## What to produce
Hand back every line from the beginning of the data below through the line containing "Chanel Low Key", word for word and free of pictures.

** Data for analysis follows **

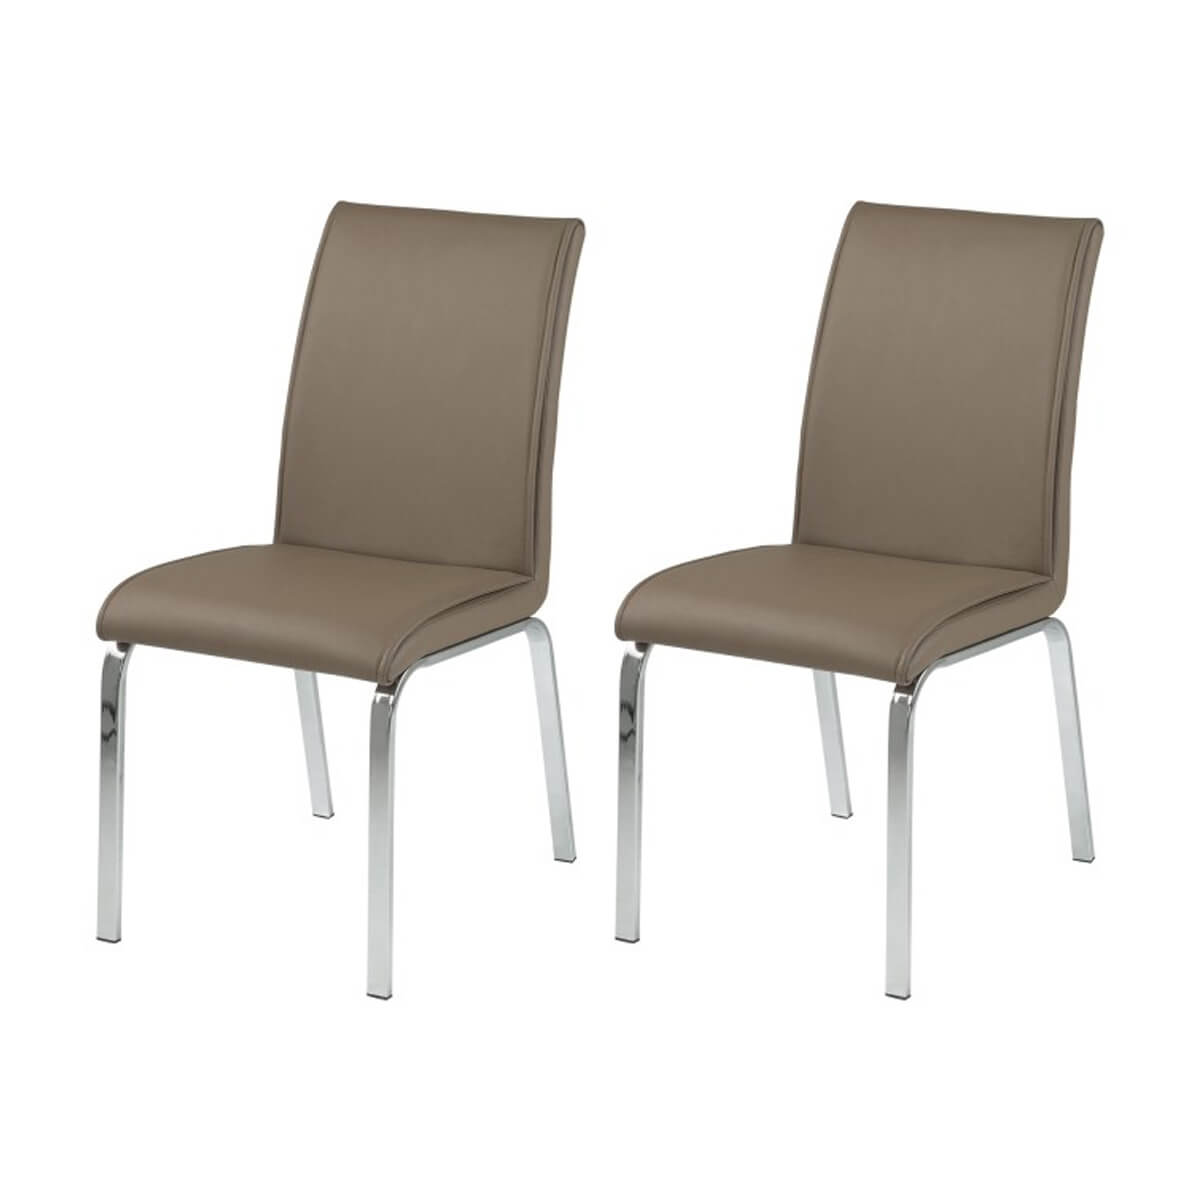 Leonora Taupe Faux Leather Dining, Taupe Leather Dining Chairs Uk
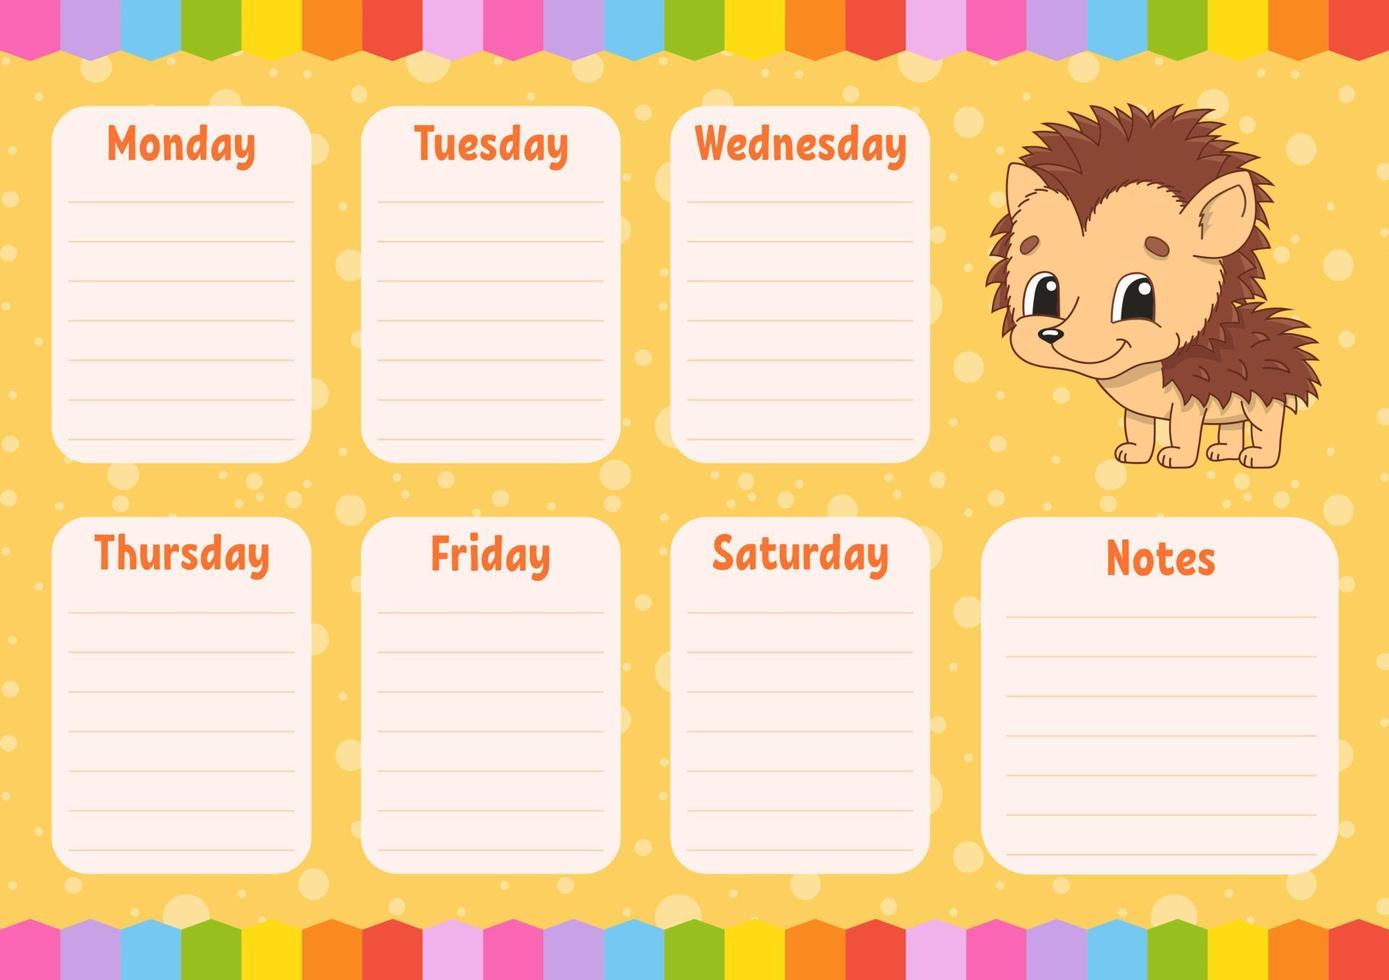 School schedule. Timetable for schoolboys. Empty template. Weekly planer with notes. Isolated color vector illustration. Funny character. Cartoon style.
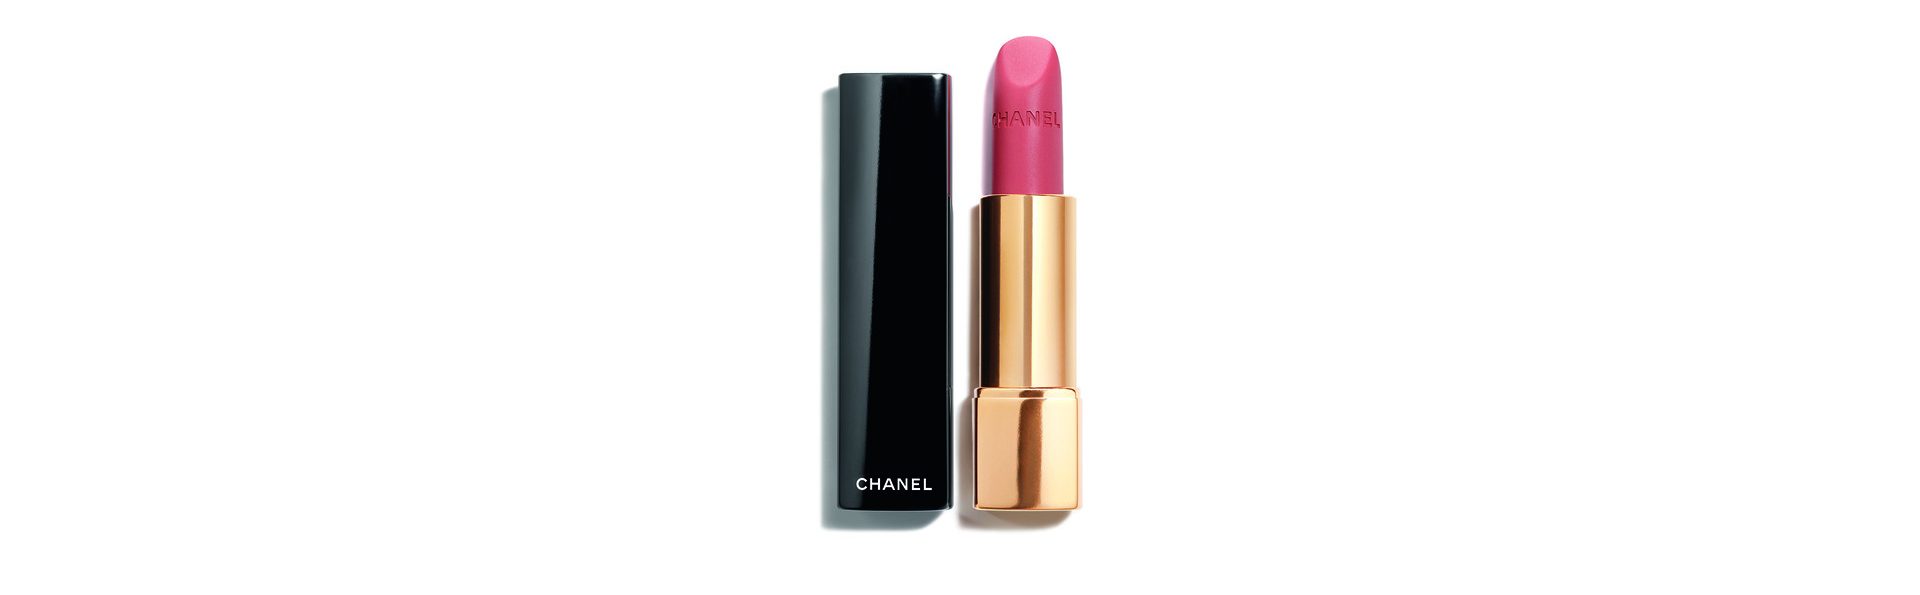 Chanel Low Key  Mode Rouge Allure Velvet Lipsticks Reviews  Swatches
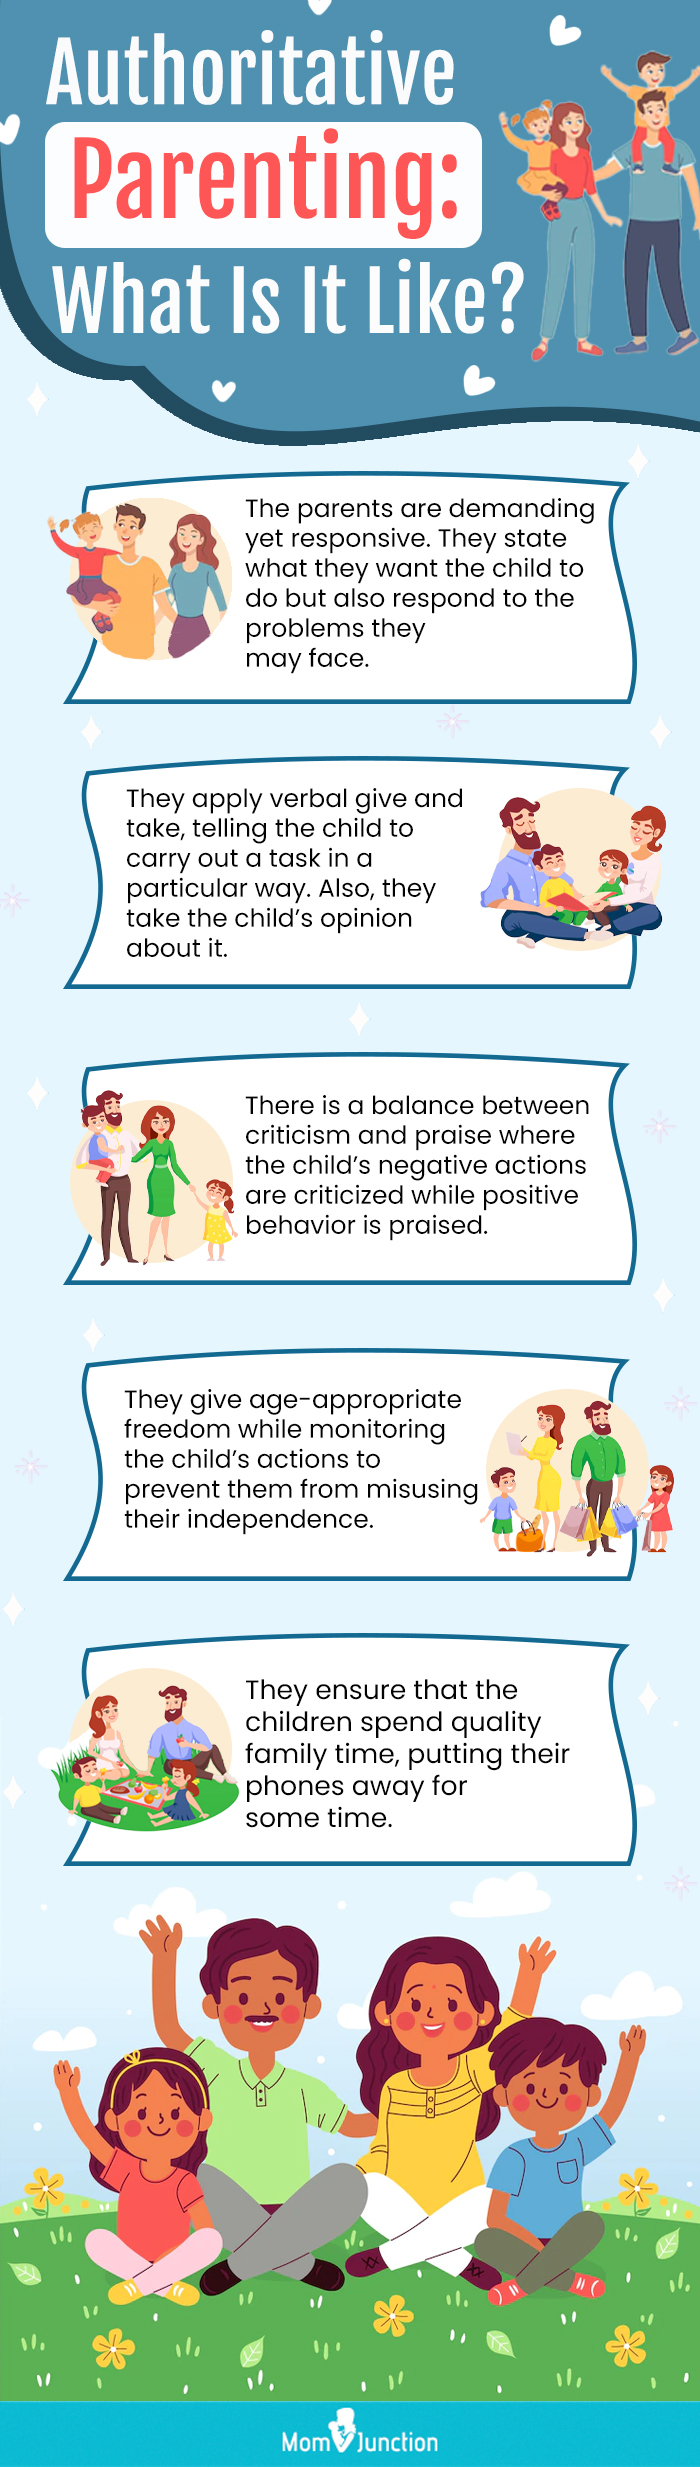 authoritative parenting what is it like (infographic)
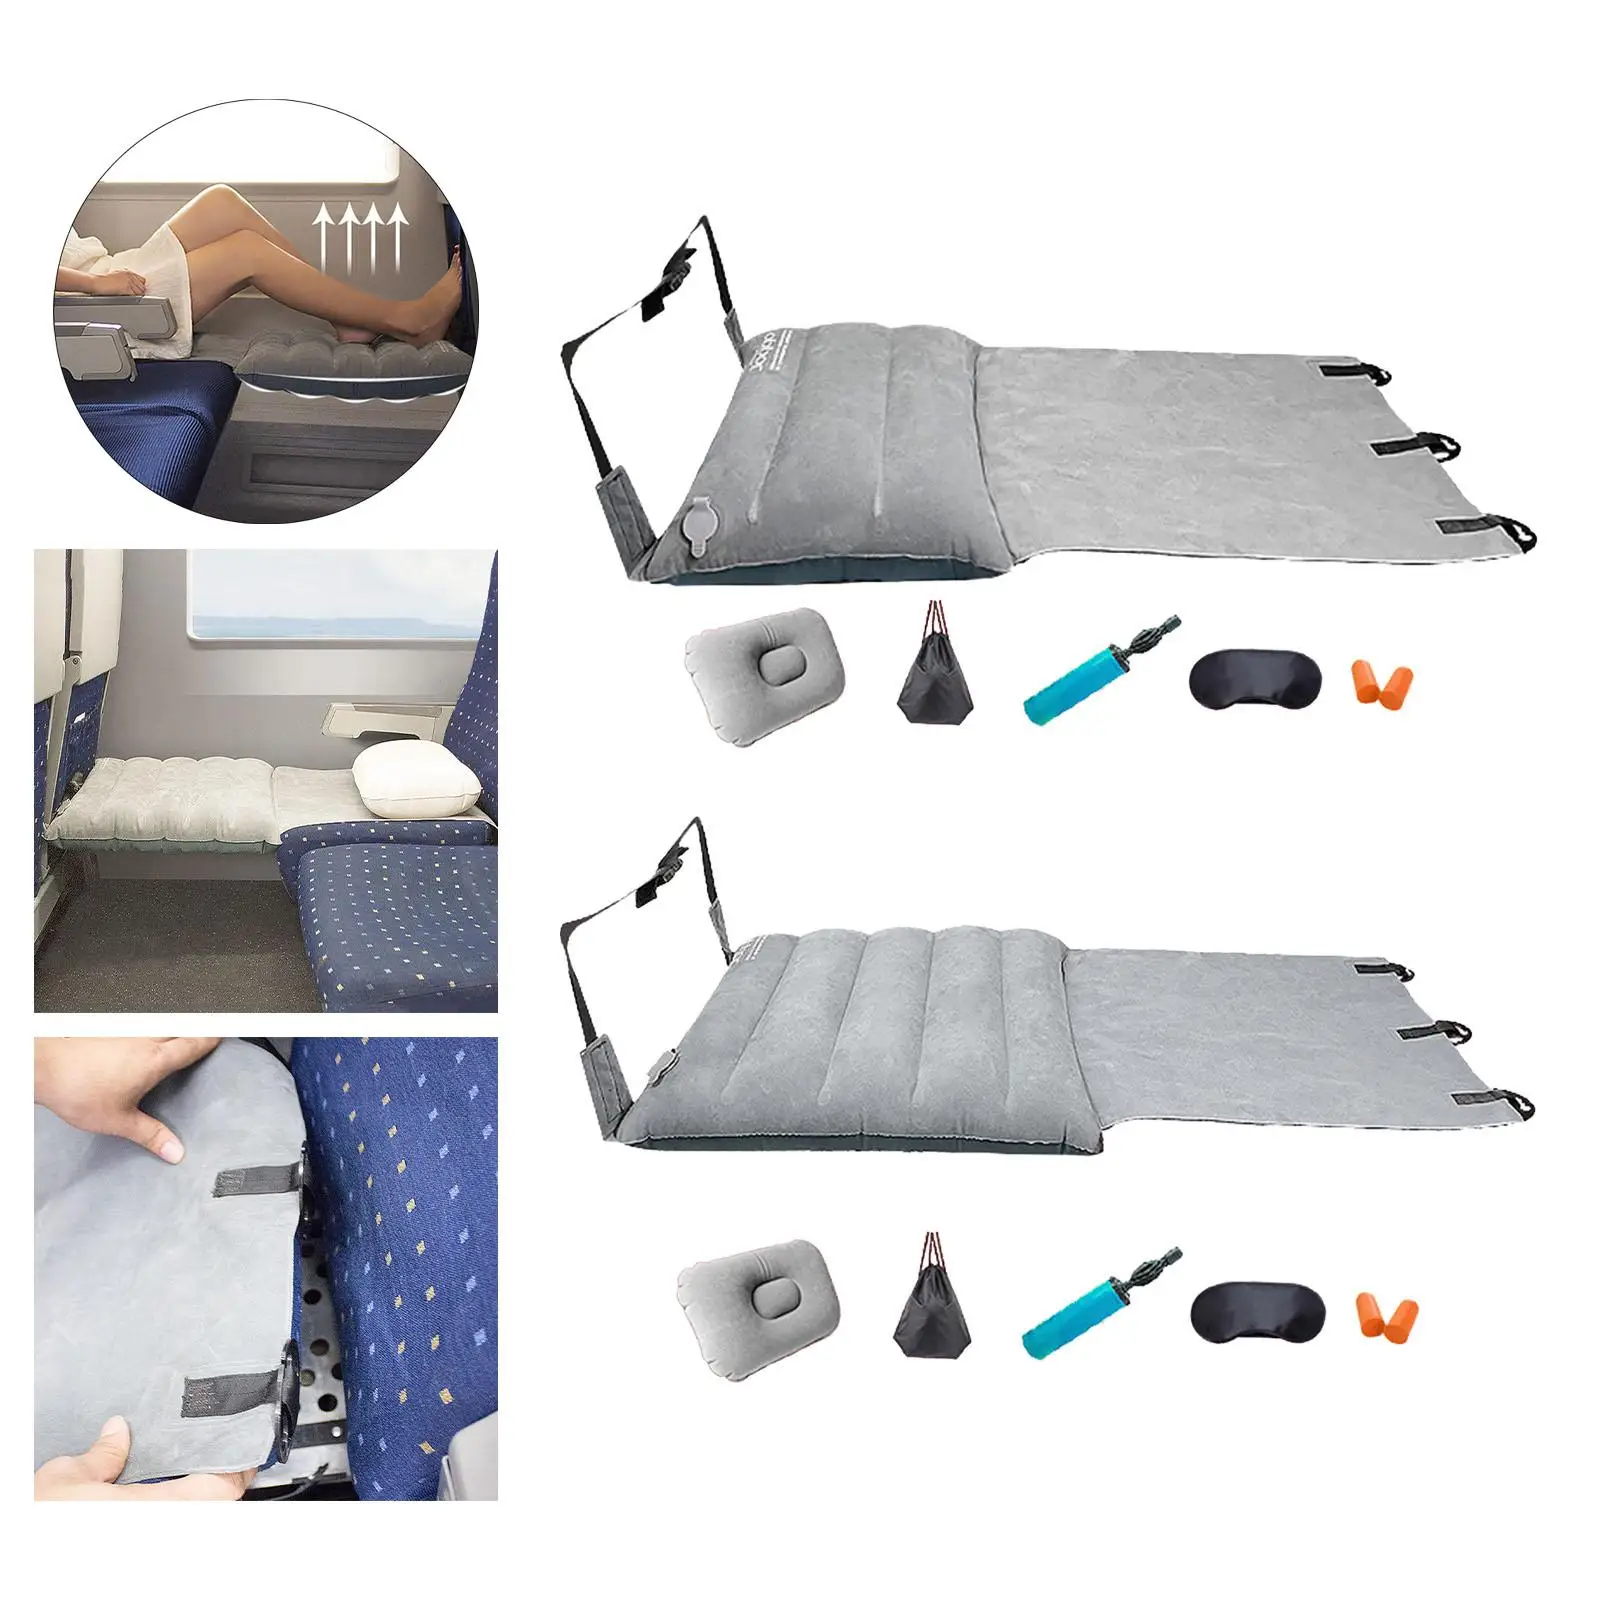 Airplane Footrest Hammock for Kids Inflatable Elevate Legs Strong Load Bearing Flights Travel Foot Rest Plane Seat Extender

** End of Data for analysis **

## Task answer
 Leonora Taupe Faux Leather Dining, Taupe Leather Dining Chairs Uk
 School schedule. Timetable for schoolboys. Empty template. Weekly planer with notes. Isolated color vector illustration. Funny character. Cartoon style.
 Chanel Low Key  Mode Rouge Allure Velvet Lipsticks Reviews  Swatches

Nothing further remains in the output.